有关 Unicode 大小写映射的详细信息,请参阅:http://www.unicode.org/faq/casemap_charprop .html
There is a mapping file that contains all the case mappings that have a 1:1 mapping ratio. Usually operating systems/frameworks/libraries support a specific version of Unicode, and since this case mappings file is versioned, you would get the mappings for whichever version of Unicode your particular OS/framework/library/whatever happened to support.
For more information on Unicode case mappings, see: http://www.unicode.org/faq/casemap_charprop.html
大多数书写系统没有单独的大写和小写字母。 根据维基百科,例外情况包括“罗马、希腊、西里尔和亚美尼亚字母”。
所以不用担心那么多信件。 此页面显示大范围的字符遵循一个简单的方案,即在大写字符上加 1获取等效的小写字母(当然也有一些例外)。
Most writing systems do not have separate uppercase and lowercase letters. According to Wikipedia, exceptions include "Roman, Greek, Cyrillic and Armenian alphabets".
So there aren't that many letters to worry about. This page shows that large ranges of characters follow a simple scheme of adding 1 to an uppercase character to get the lowercase equivalent (though of course there are some exceptions).
正确的答案有点复杂,具体取决于您想要做什么。
在比较字符串、排序或搜索应用程序时,要使用的正确算法在 UTS #10: "Unicode排序算法”。 不区分大小写是其中的一部分,但是有不同的方式来表示许多字符,并且应用程序通常需要将各种表示视为等效。
排序规则取决于区域设置。 当您对结果进行排序以显示给用户时,这主要是一个问题。 忽视规则可能会让用户感到沮丧,甚至导致安全漏洞。
如果您只是为了显示目的而尝试将单词大写,那么那里的规则也可能很棘手; 存在一对多转换等问题。 根据区域设置的不同,同一字母的大写形式可能有所不同。 字母在单词中的位置可能会产生影响。 还有一个独特的“标题大小写”概念,您只需将每个单词的第一个字母大写即可。 有时字符的标题大小写与其大写字母不同。
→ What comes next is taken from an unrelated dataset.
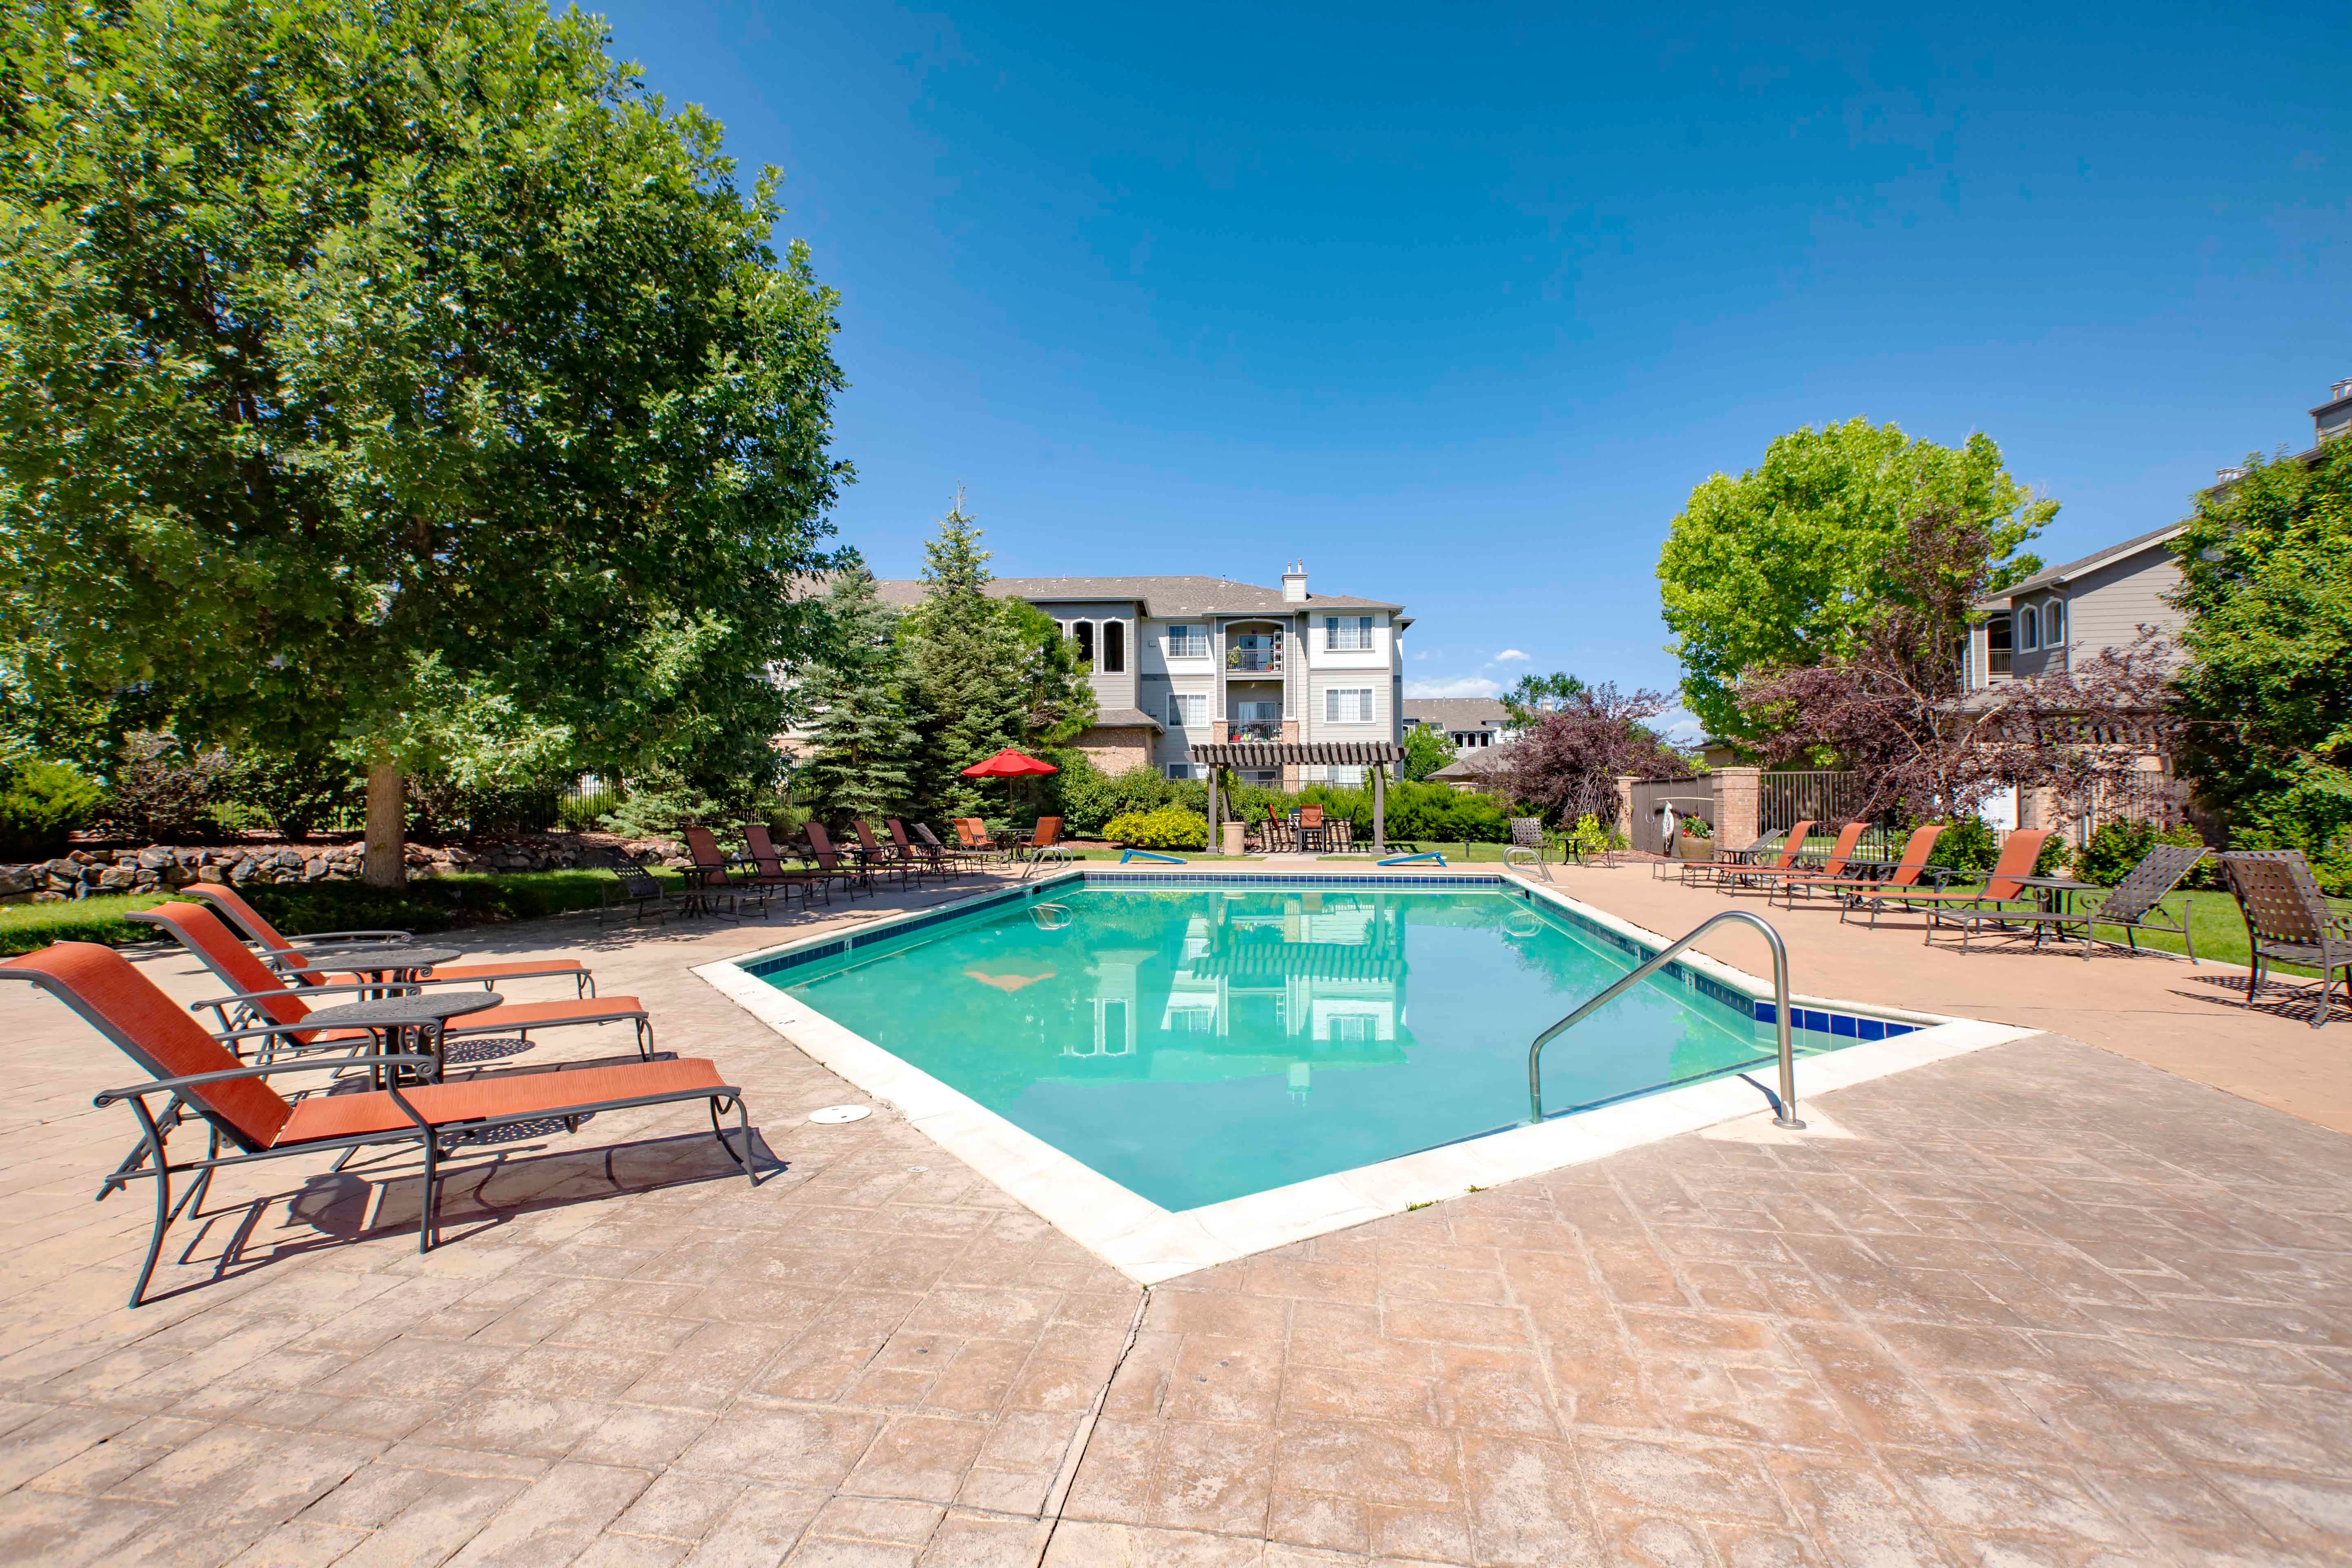  Swimming pool at Cherrywood Village Apartments, Parker, Colorado

The correct answer is a little more complicated, depending on what you are trying to do.
When comparing character strings, for sorting or searching applications, the correct algorithm to use is specified in UTS #10: "Unicode Collation Algorithm". Case-insensitivity is part of the mix, but there are different ways to represent a many characters, and applications often need to treat the various representations as equivalent.
The sorting rules are locale-dependent. This is mainly an issue when you are sorting results for display to a user. Ignoring the rules can frustrate users and even result in security vulnerabilities.
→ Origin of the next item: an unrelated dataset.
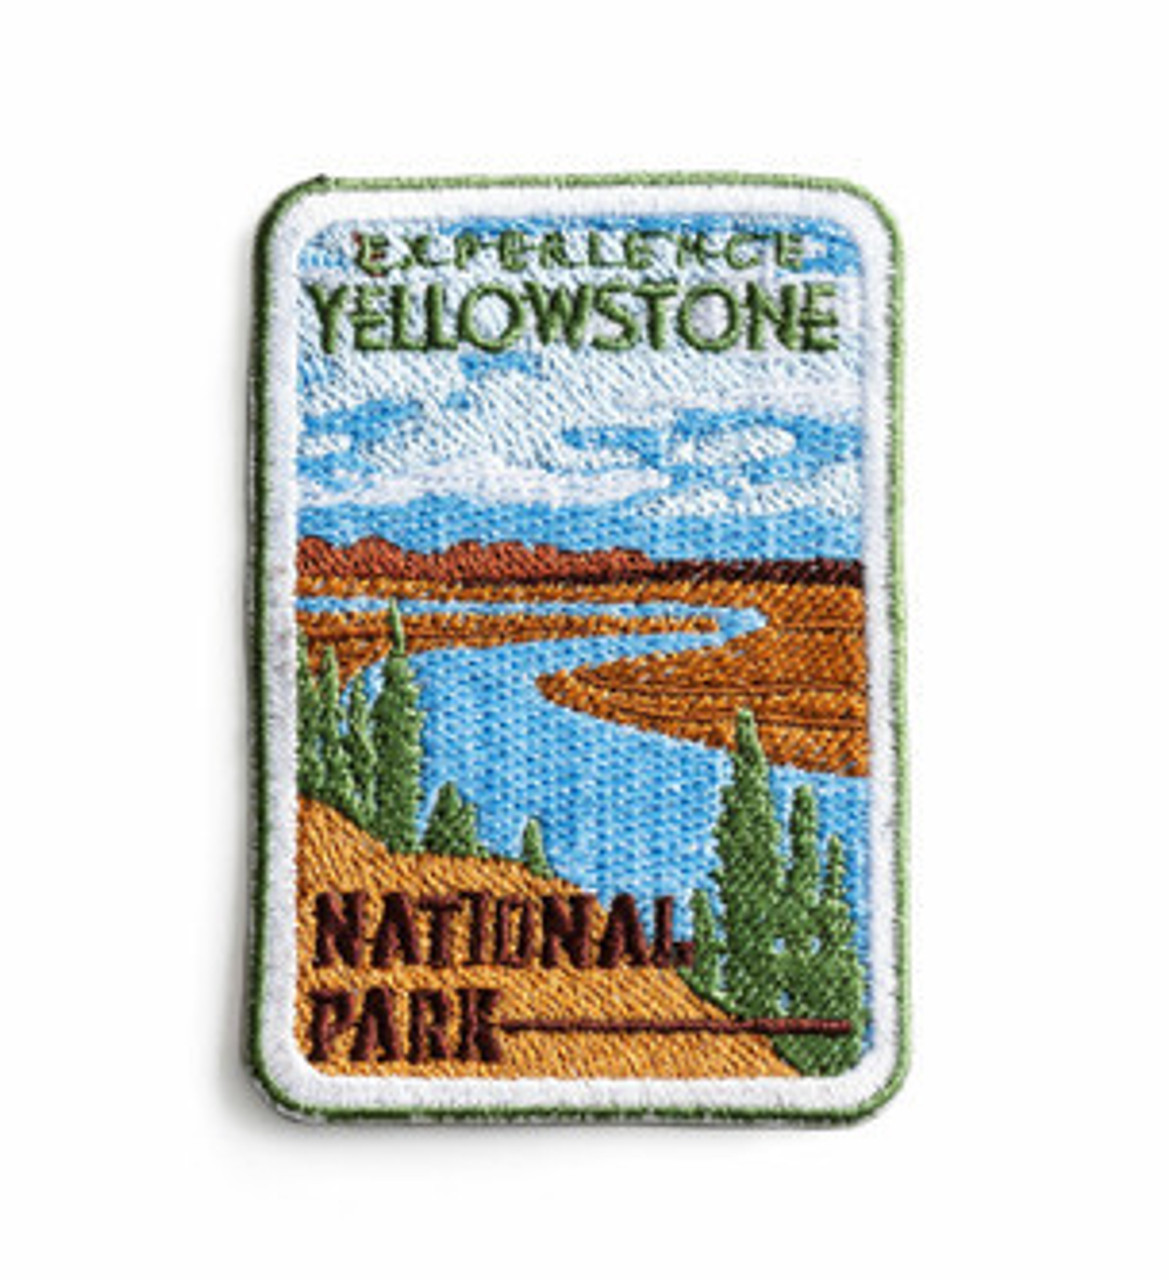 Yosemite National Park Patch

If you are just trying to capitalize words for display purposes, the rules there can be tricky too; there are one-to-many conversions and other issues. Depending on the locale, the same letter may capitalize differently. The letter's position in a word can make a difference. There's also a a distinct notion of "title case", where you just want to capitalize the first letter of each word. Sometimes the title-case of a character is not the same as its upper-case.